Amidst rain, dropping temperatures through the mid 40s and a puddle-crowned course, the Volunteers proved more than capable mudders as Patrick Gildea, Tim Kelly, co-captain Scott DeFilippis, co-captain Eric Bell, Steve Klein and Ed Davis earned All-Region acclaim. Rob Cloutier missed the All-Region by just three spots.

With each stride uncertain, Tennessee rallied for a strong closing charge to seal the victory and punch its ticket for the NCAA Championships. Senior Patrick Gildea led the Vols for the third time this season with his fifth-place, 32:29.41 effort, his highest career finish in a championship meet. A model of consistency, Gildea has finished no lower than third in the Vol pack in all six races this season.

"This is definitely what we had expected and planned for," Gildea said. "Looking back now that the race is over, it was better than I could have ever dreamt. The win today is a testament to our program and our history. We ran our races for them [the Vol alums in attendance]. Every 100 meters there was someone else screaming for you. It was like nothing else I've ever been in."

Kelly rebounded from a tough SEC race to take sixth in 32:29.41, also his career-best championship placing.

"So much of running is mental," Kelly said. "I had to convince myself my fitness was where it needed to be. I don't think there was a doubt in anybody's mind we would qualify [for NCAAs]. We knew we would bounce back after a tough race at the SECs. Coach Watts didn't put pressure on us. He just showed confidence."

Senior DeFilippis remained solid after leading the Vols two weeks ago at the SEC meet. DeFilippis took eighth in 32:36.66, his career-best finish in the postseason.

"It's a great feeling," DeFilippis said. "It was great to have the former Vols cheering and yelling. It was inspiring. It was a tough course today. I need to run faster if I want to finish in the top 50 at nationals. But when you're eighth, it's not a bad thing when two of your teammates are ahead of you."

Senior Bell also posted his lifetime-best postseason finish with a 13th-place, 32:54.45 effort. Super-steady Klein wrapped up Tennessee's scoring five with a 19th-place, 33:05.01 effort, a lifetime-best effort for the championship portion of the schedule. Klein joins Gildea as the only Vols to score in all six of the season's races. In proof of Tennessee's superlative team effort, redshirt freshman Davis took 24th in 33:05.01 and earned All-Region honors, but his score didn't even count toward the team total. Meanwhile, senior Cloutier wrapped up the action for Tennessee by placing 28th in 33:24.88, just missing the top 25 cutoff for All-Region honors.

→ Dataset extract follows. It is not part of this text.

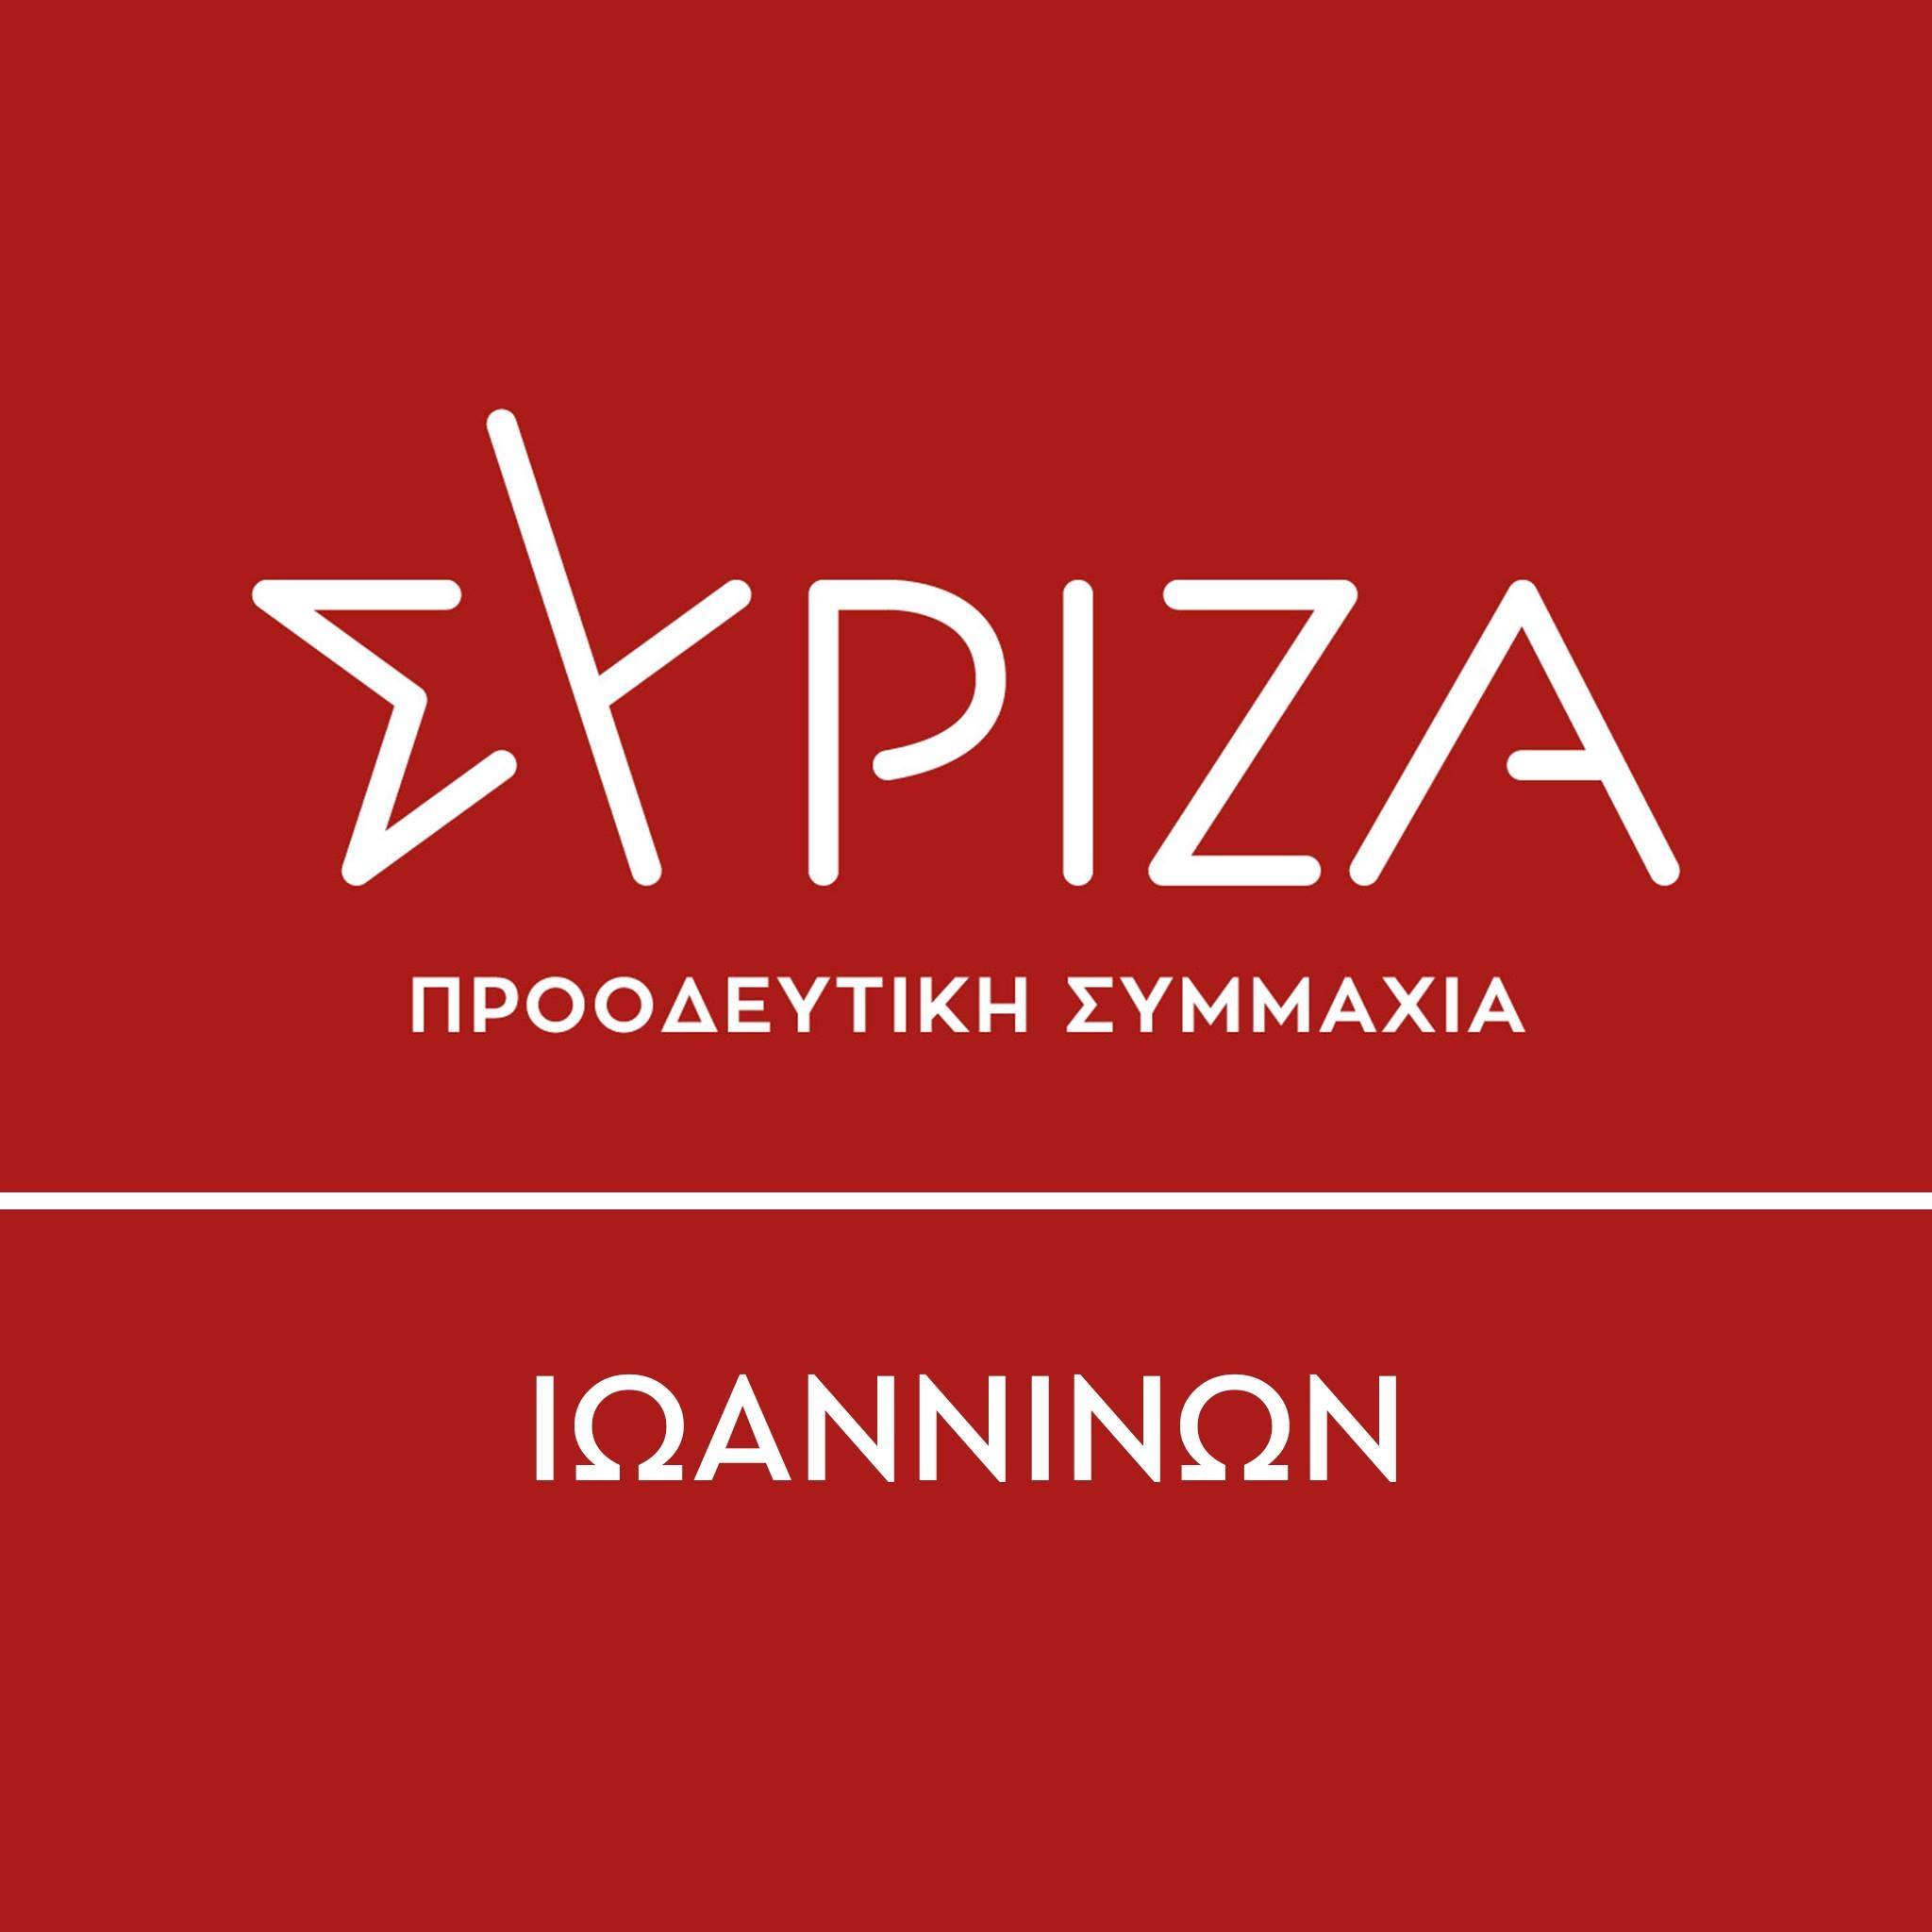 Ιωάννινα: Η Ν.Ε. ΣΥΡΙΖΑ-ΠΣ καλεί τη Μ. Τζούφη να παραδώσει τη βουλευτική έδρα
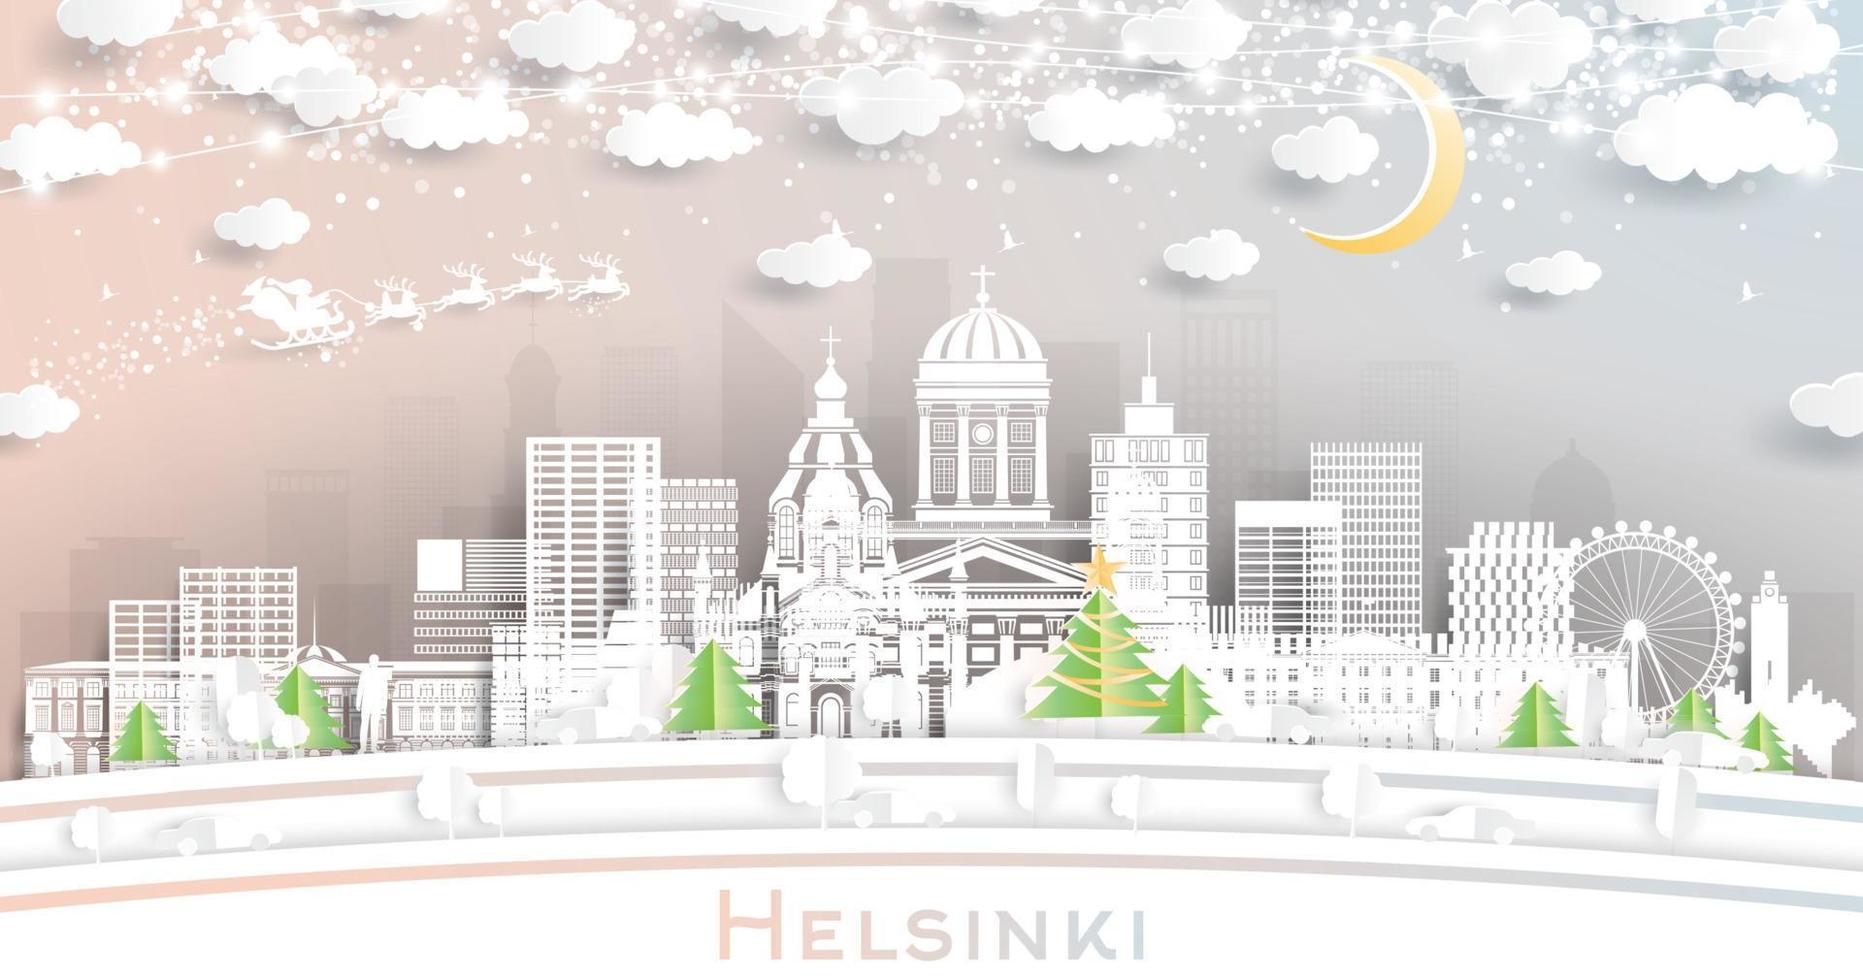 Helsinki Finland stad horizon in papier besnoeiing stijl met sneeuwvlokken, maan en neon guirlande. vector

The noticeable presence of the former Vols in town to celebrate the 30th anniversary of the 1972 NCAA Championship charged the atmosphere. From Lou Schneider (1946-48) to Stewart Ellington and Tony Cosey, Vol cross country All-Americas from the 1990s, the former Vols cheered on the current Tennesseans with unwavering zeal. In a who's who of Tennessee cross country/track and field, every coach at the helm for a Volunteer NCAA title was in attendance. Stan Huntsman led the 1972 NCAA cross country champions and the 1974 NCAA Outdoor track and field squad. Meanwhile, Doug Brown, who ran on both the 1972 and 1974 NCAA teams and coached the 1991 Vols to the NCAA Outdoor title, was also in attendance. Also, Bill Webb, head coach of the 2001 NCAA Outdoor and 2002 NCAA Indoor Champions, took in the cross country action. Additionally, Watts, obviously, and assistant track coach Vince Anderson, architects of the 2001 and 2002 NCAA titles, were also in attendance.

The 1972 Vols were honored prior to the awards ceremony. The present members of the 1972 team circled up and did their victory cheer from 30 years ago. When the current crop of Vols were announced South Region champions at the awards presentation, they paid homage to their Vol ancestors and celebrated like their 1972 comrades in orange.

"I couldn't be happier for my guys, for their teammates who were out here cheering them on and for all the Tennessee alums here at the meet today," Watts said. "With the cross country reunion this weekend, we had former runners all over the course cheering the team on. We need to enjoy the win today. However, we've got to be ready to go tomorrow to get ready for the NCAA Championships."